Waiting To Be Found, Unseen

When I was a little child, my favourite moments were the ones I spent playing with my younger sisters: Rashedat and Hamdalat, and my neighbourhood friends: Blessing, Temi, Abudulahi, Ibro, Sayo, Iyanu, Sefunmi, and Deborah. Our preferred play was Hide-and-Seek. We used my big house with its bigger compound. On most afternoons, after taking off our school uniforms and flinging our sandals and socks in whatever direction, we met in my compound to plan the day’s play. Hide-and-Seek came last, looking for Kuluso would come first. There was an uncompleted building behind my house, inside it, there were tiny little holes made by Kuluso—a little insect whose origin I thought of as a big mystery throughout my childhood but found out as an adult that Kuluso is an antlion. We would enter the building with little broomsticks and our eyes very close to the ground, looking for the holes. When we saw them, we would squat, poke our broomsticks into the holes, and turn them repeatedly while chanting:

Kuluso kuluso

Abiyamo feyinso

Kuluso kuluso

Abiyamo feyinso

Most of the time, we got lucky: the Kuluso would be forced to dig deeper to escape our pokings but that would also reveal it.
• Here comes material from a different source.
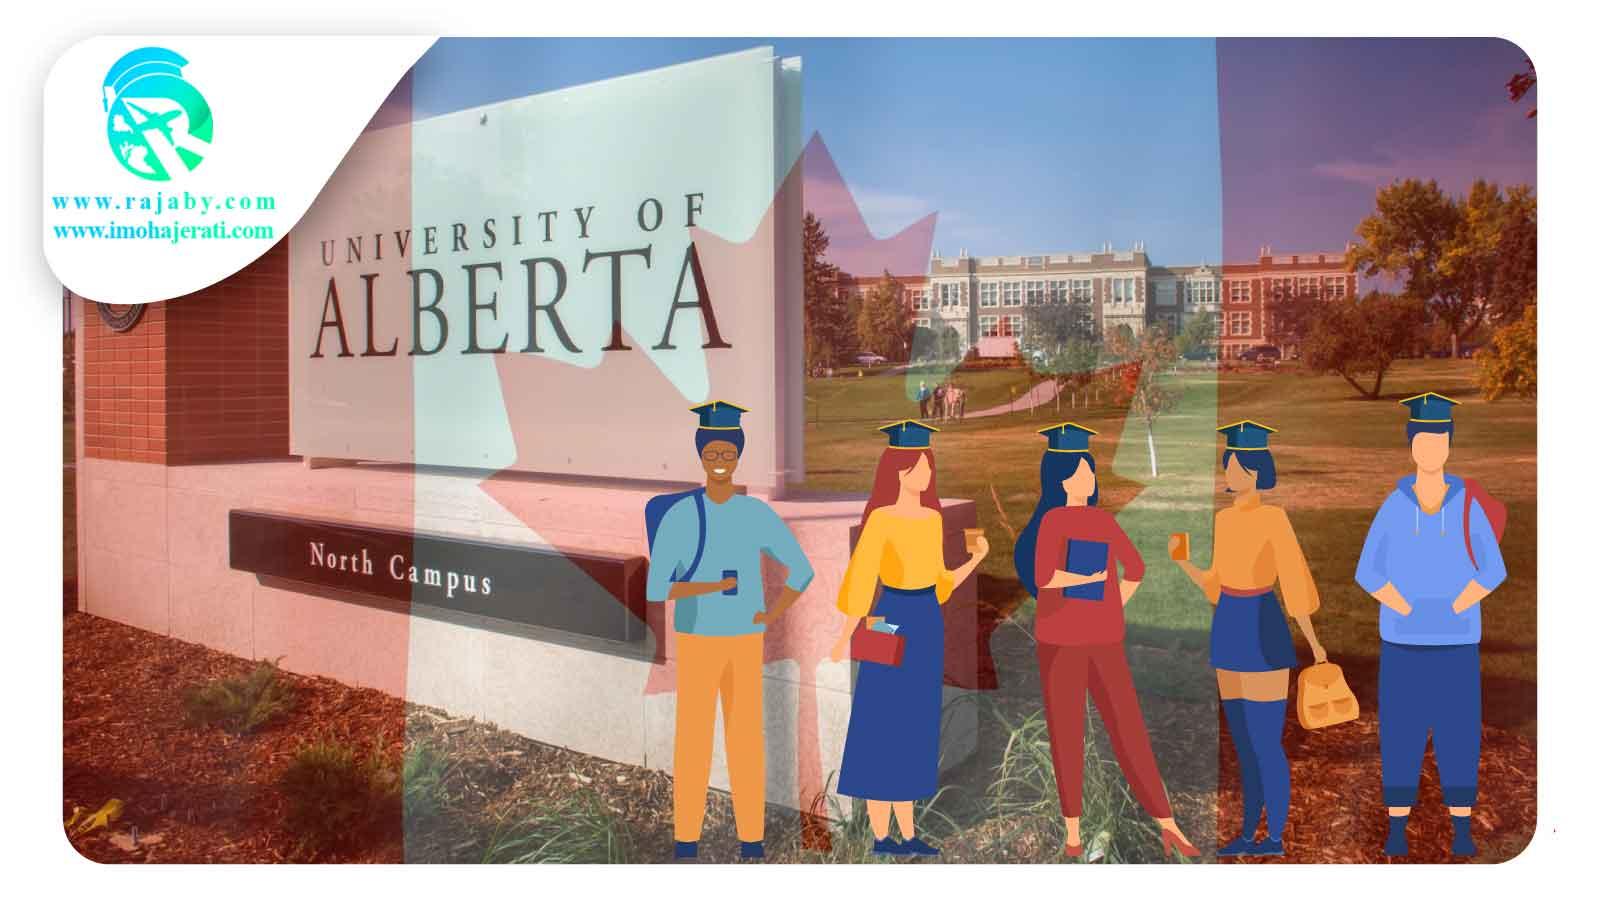 تحصیل در دانشگاه آلبرتا Alberta کانادا

It was exhilarating dipping our fingers inside the holes to bring out the kuluso and drop them on our palms. They were quite tiny and they moved backwards, I never saw one move forward—I would later learn they do so because it is energy efficient and makes hunting easier. There was an infamous story that Kuluso could make the breasts bigger. I don’t know its origin but we all believed it as kids. Everyone talked about it, and no one doubted it. I remember raising my clothes and putting the kuluso on my breasts. I waited for them to get bigger, but they didn’t. So I assumed the transformation wasn’t immediate. Later, when I woke up one morning in the boarding house as a JSS1 student, before I was taught puberty and how it transforms the female body, and I saw that my breasts were bigger, my mind went to the Kuluso: “Ah, it truly worked”. I was happy.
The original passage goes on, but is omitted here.